OLA’s proposed legislation asks local police to do one thing: keep the peace


The tension in the air at the Riverhead Family Court recently wasn’t theoretical; it was tangible and deeply alarming. Imagine standing outside a local courthouse, watching a resident being pulled from a car by heavily armed, masked men. Now imagine the largest of those men turning toward a bystander who was simply documenting the scene, his thumb resting heavily on the trigger of a pepper spray canister, with the pin pulled and dangling.

Had local court officers not been standing by to act as a physical and psychological buffer, that afternoon easily could have ended in escalated violence.


This isn't a scene from a distant city; it is a reality that has surfaced right here in our own communities. For generations, the municipalities of the East End have been defined by a shared expectation of community, solace and security. But when anonymous individuals in tactical gear operate within our borders and carry out enforcement actions at sensitive locations without coordinating with local authorities, that sense of community safety evaporates.


When our most vulnerable neighbors live in terror, the quality of life for the entire region diminishes. But this creeping dread points to a much broader vulnerability in our local security. If masked individuals can detain people, including American citizens, without routinely producing verifiable identification themselves, what is to stop a dangerous opportunist from donning a tactical vest and impersonating law enforcement?
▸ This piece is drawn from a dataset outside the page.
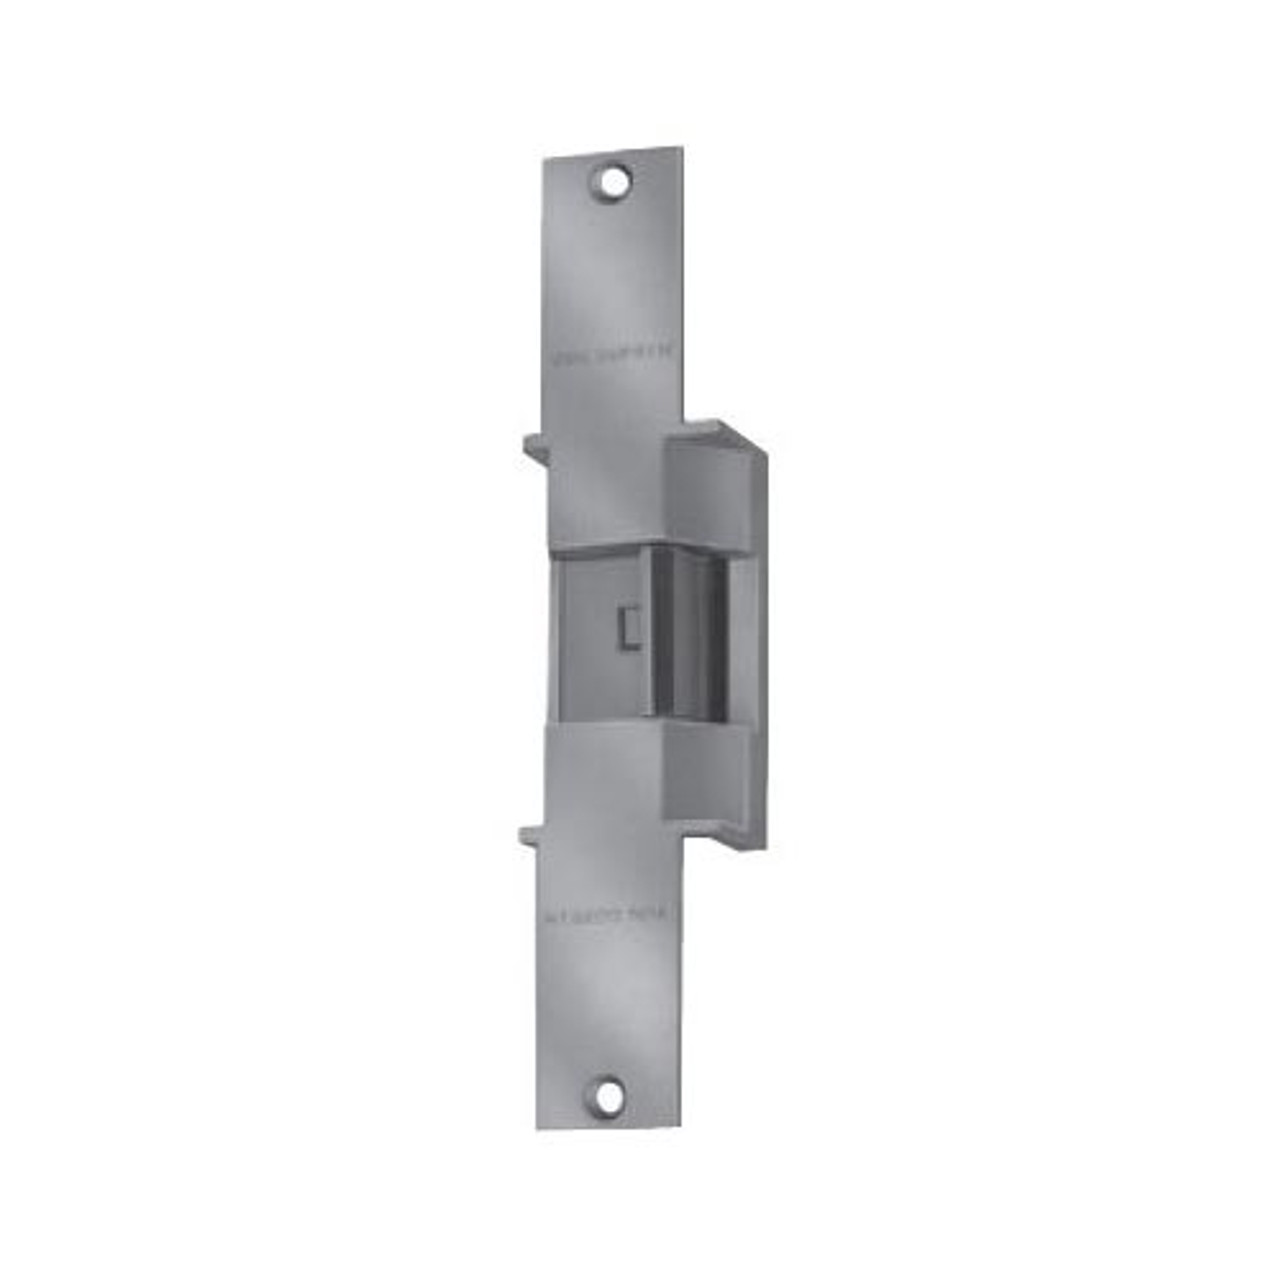 6214-DS-12VDC-US32D Von Duprin Electric Strike in Satin Stainless Steel Finish

This chilling loophole is exactly why the legislation drafted by Organización Latino Americana, or OLA, and former State Assemblyman Fred Thiele deserves the immediate, serious consideration of every local village and town board.


This proposed law is a masterpiece of pragmatic local governance. It does not ask our local police to step out of their jurisdiction, nor does it ask them to obstruct federal agents carrying out lawful orders. Instead, it asks them to do exactly what local taxpayers fund them to do: keep the peace, protect the public, and verify who is operating on our streets.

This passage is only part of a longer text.